O poder público, por meio do Ministério Público Federal, Ministério da Justiça, Câmara dos Deputados e Senado Federal tem desempenhado seu papel para apuração dos fatos em toda sua extensão. Em breve será obtida a lista dos nomes dos correntistas brasileiros de forma oficial e outras informações que poderão ajudar a esclarecer a dimensão do escândalo.

Acreditamos na efetividade dessas investigações para que, uma vez tendo acesso à totalidade das informações sobre os correntistas brasileiros – evitando-se a seletividade nada republicana –, possam ser apurados os fatos e identificados os possíveis crimes cometidos.

Em seguida, será fundamental verificar a origem dos recursos, o “crime original”, pois é de se suspeitar que a transferência de recursos para um paraíso fiscal, por meio de elaborada transação oculta ao fisco, envolve dinheiro obtido pela prática de crimes anteriores.

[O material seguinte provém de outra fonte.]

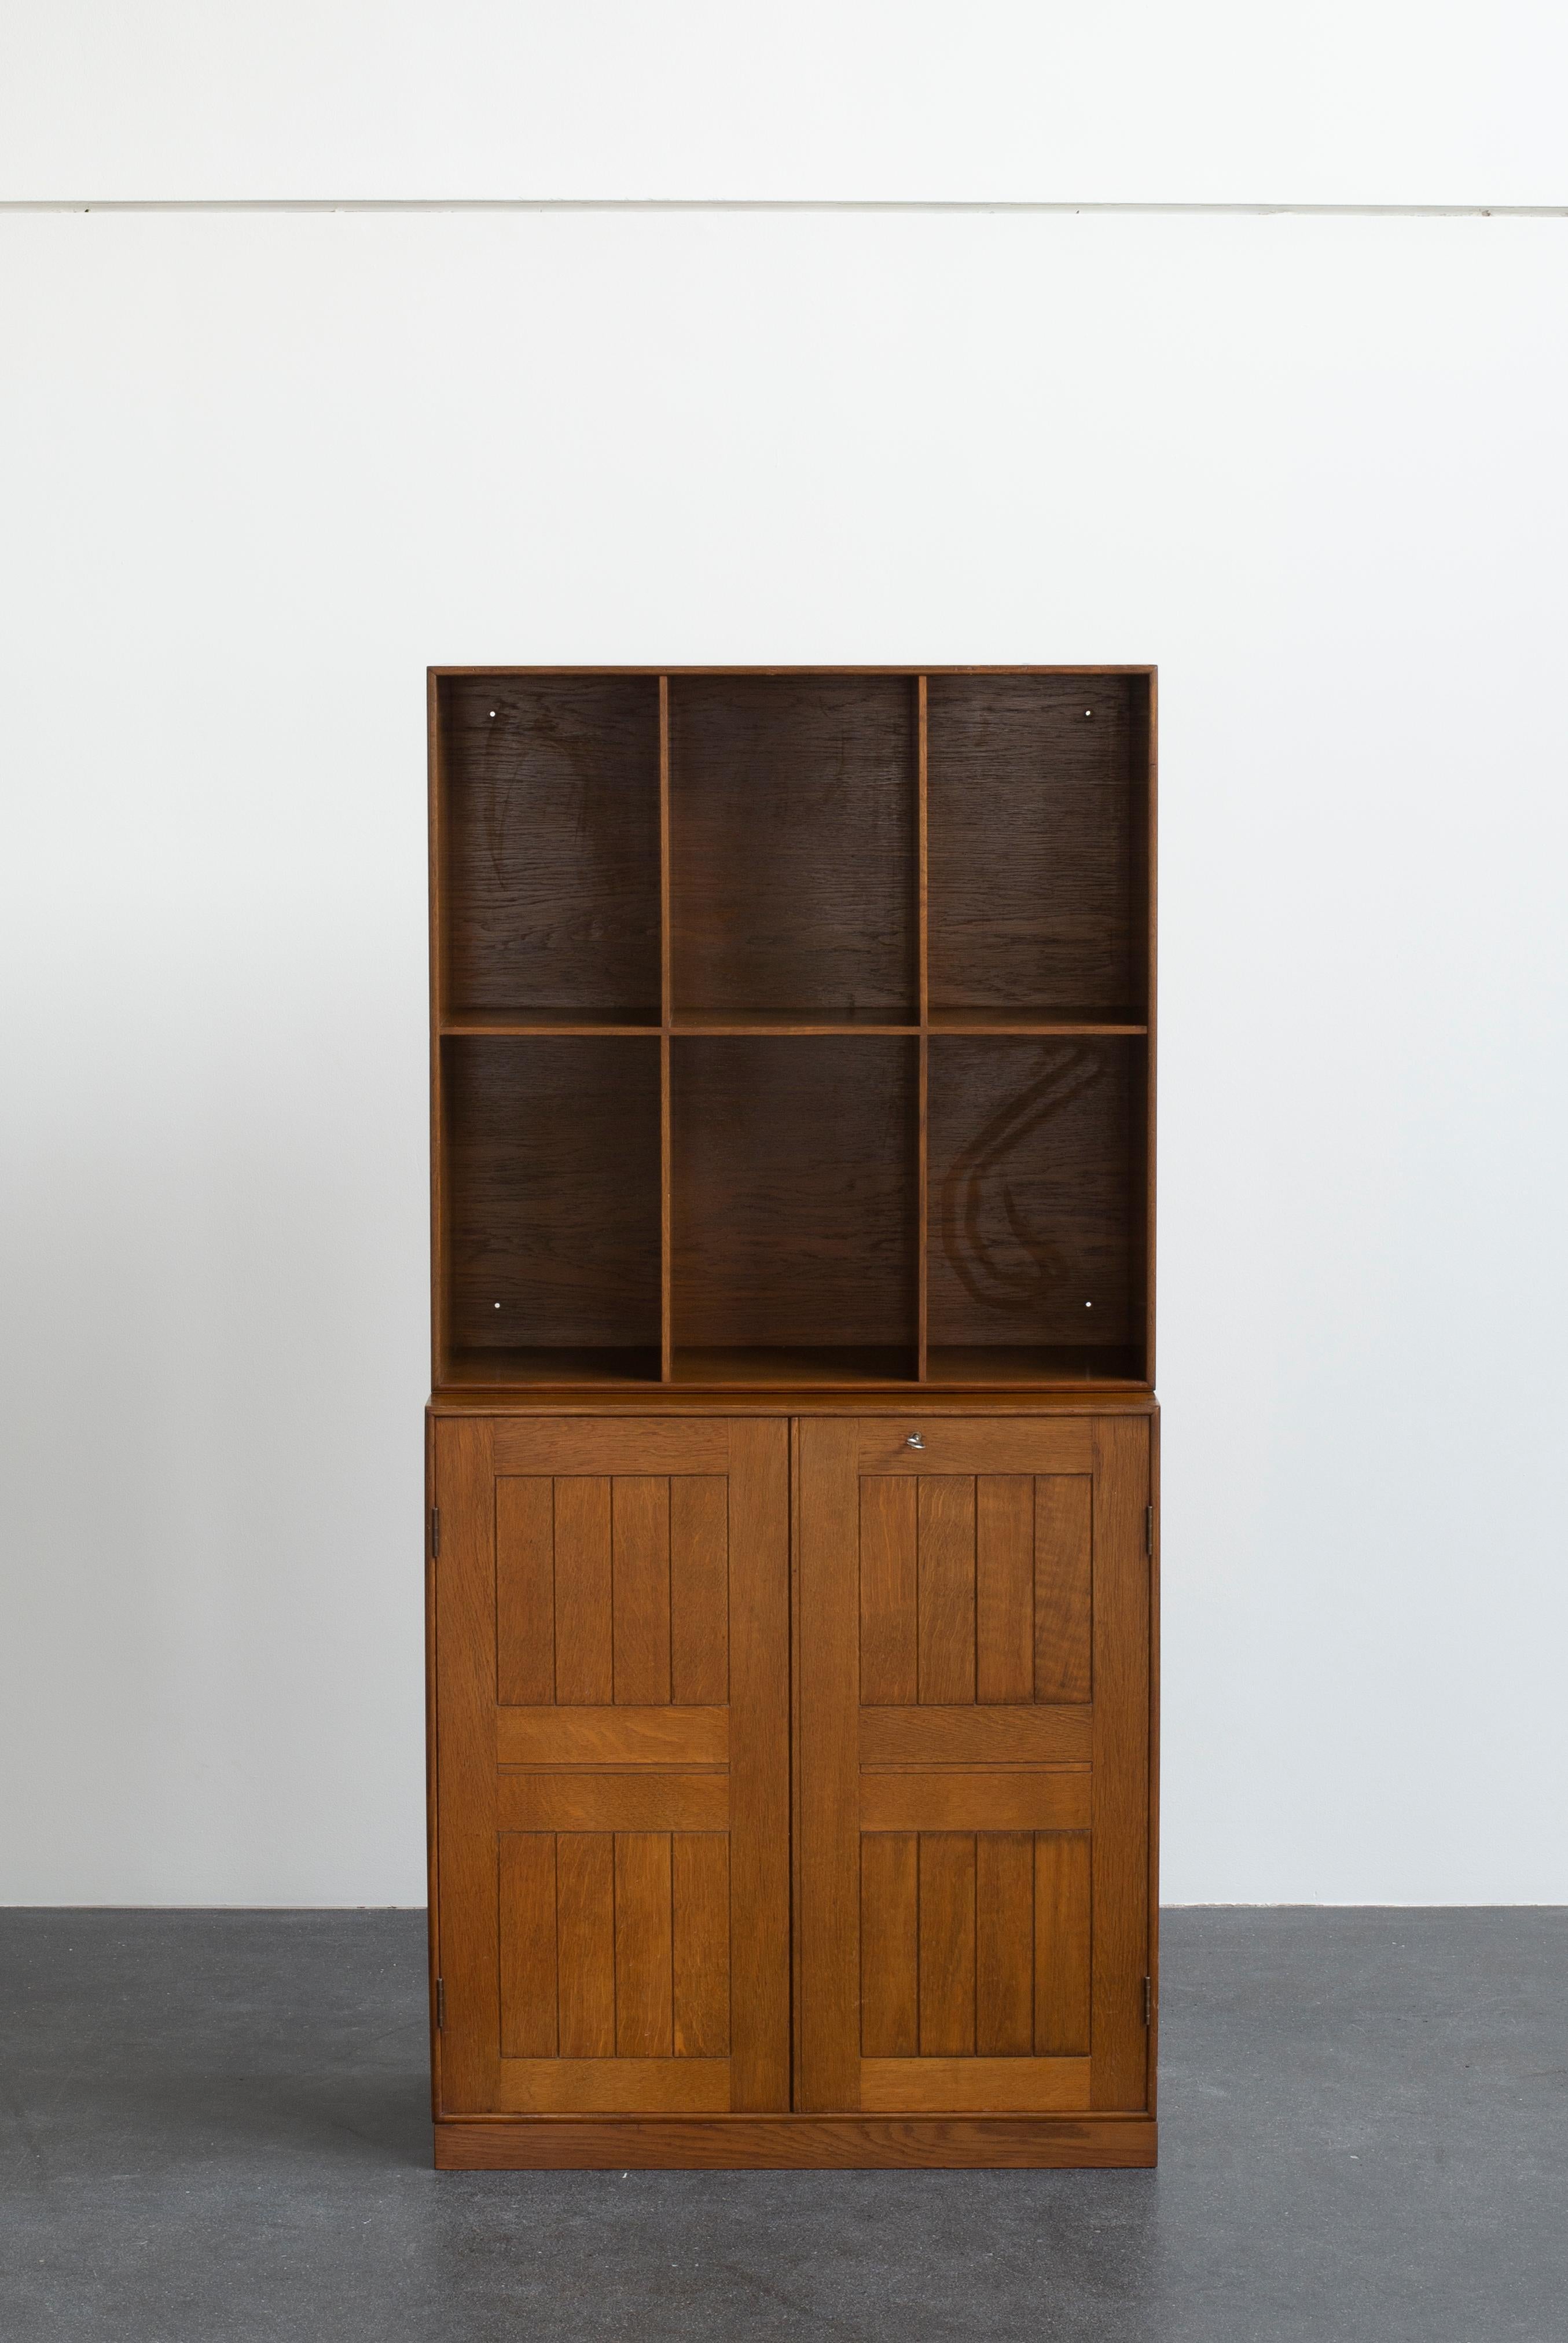 Mogens Koch cabinet and a bookcase in stained oak. Executed by Rud. Rasmussen.

Reverse with paper labels ‘RUD. RASMUSSENS/SNEDKERIER/45 NØRREBROGADE/KØBENHAVN.

Mas estamos falando de suspeita. Cabe ao sistema de justiça investigar, processar, garantir a ampla defesa e, eventualmente, condenar os responsáveis.

Quanto aos sonegadores que têm condições de comprovar a origem legal do dinheiro, estes recebem um tratamento distinto.

Nosso ordenamento jurídico estabelece que, nos crimes tributários, quando efetuado o pagamento total dos tributos devidos – “à vista” ou parceladamente – fica extinta a punibilidade do réu. Enquanto que, para um crime não violento contra o patrimônio privado, como o furto, em regra não existe essa possibilidade (em alguns casos, o réu pode obter a redução da pena, somente). Inclusive, em termos de pena, enquanto para a sonegação fiscal a máxima é de 5 anos, para o furto qualificado, é de 8 anos.

Em se tratando dos mais abastados, nossa sociedade prefere arrecadar a punir.

Trata-se de um controle social punitivo em que os crimes cometidos pelos mais pobres contam com um sistema rígido e eficiente na sua tarefa repressiva, enquanto os crimes tributários, praticados contra o patrimônio coletivo, podem ser tratados como ilegalidades toleradas. Uma seletividade penal que resulta numa maior proteção ao patrimônio privado do que ao erário.

Outro ponto importante neste episódio é o papel da comunicação.

É inaceitável a postura dos grandes meios de comunicação, de revelar os nomes dos envolvidos de forma seletiva, ignorando o interesse público e desviando o foco das questões mais profundas que o episódio levanta.

O UOL, que emprega o único jornalista brasileiro a receber a documentação completa fornecida pelo Consórcio Internacional de Jornalistas Investigativos, em seu editorial informou que, na cobertura do SwissLeaks, irá divulgar apenas nomes que demonstrem interesse público – segundo critérios não explicitados.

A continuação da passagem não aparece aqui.